Raven Leilani. Photo: Nina Subin

Facebook has an internal metric, “violence and incitement trends,” which has seen a 45 percent rise in recent days. The metric has apparently not been previously reported on. Nina Jankowicz, a fellow at the Woodrow Wilson International Center for Scholars, said that she was heartened that Facebook monitors these trends. Still, Jankowicz stressed that it was not nearly enough: “We’re talking about the broader structure of Facebook that incentivizes these communities to organize and foster offline violence. . . . I’m not sure they have a handle on it at all. It’s a structure that they’re relying on to keep people engaged and make money these days.”

The 2020 Kirkus Prize winners have been announced: Raven Leilani has won for fiction, Mychal Denzel Smith has taken home the nonfiction honor, and Derrick Barnes and Gordon C. James were awarded the young-person’s literature prize.

For the London Review of Books, Deborah Friedell watches Fox News.

Well-Read Black Girl, a nonprofit writing and reading community founded in 2015 by Glory Edim, is in the midst of its annual festival.

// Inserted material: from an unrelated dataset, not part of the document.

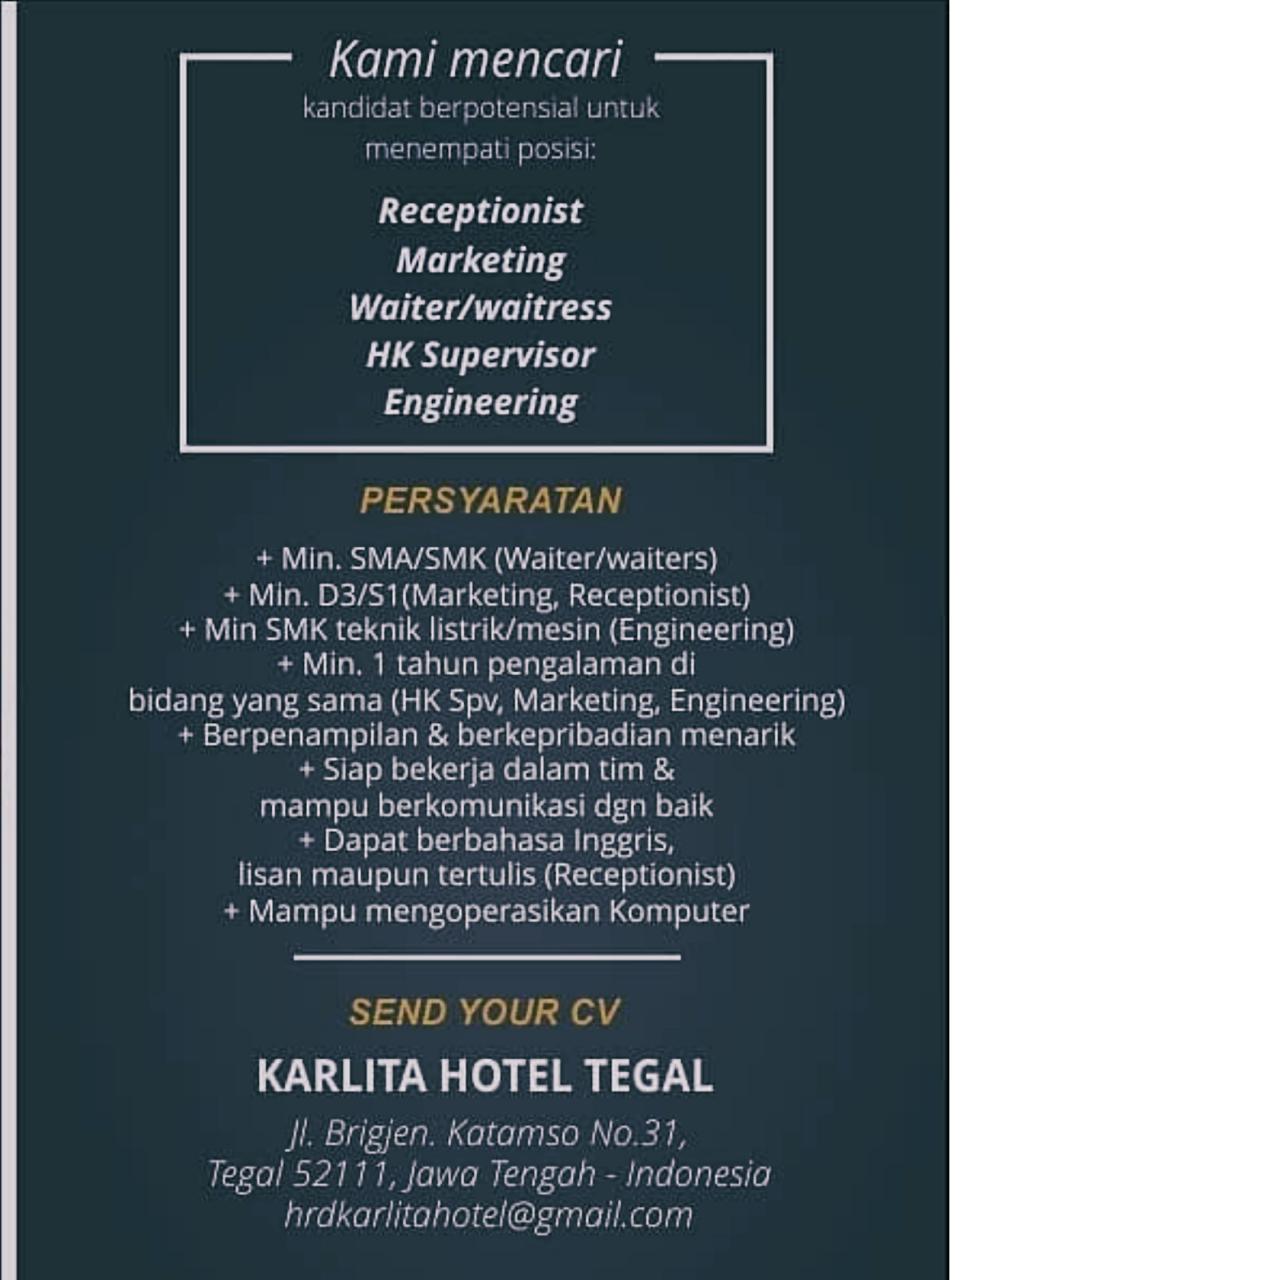 KARLITA HOTEL TEGAL

Some of the virtual panels on offer this weekend include Kimberly Rose Drew and Jenna Wortham discussing their forthcoming collaborative book, authors Morgan Jerkins and Kaitlin Greenidge in conversation on the Great Migration, and a tribute and keynote conversation with poet Nikki Giovanni.

Bookshop.org launched its UK retail platform on Monday, and raised £12,500 on that day alone. In the United States, the site has raised over $7.5 million, which has been shared among 900 bookstores.

Today’s “preponderance of the mystical, the miraculous, and the conspiratorial may seem at odds with our supposedly rational, modern democracy,” writes Samuel Clowes Huneke at the Boston Review. But Monica Black’s A Demon-Haunted Land argues that “florid eruptions of mystical thinking often accompany periods of extreme political upheaval,” by studying Nazi crimes and withcraft allegations in postwar West Germany and drawing comparisons to the magical thinking of contemporary Americans.

Tonight at 5 PM EST, Haymarket Books hosts Astra Taylor, Naomi Klein, and Keeanga-Yamahtta Taylor discussing the aftermath of the US presidential election.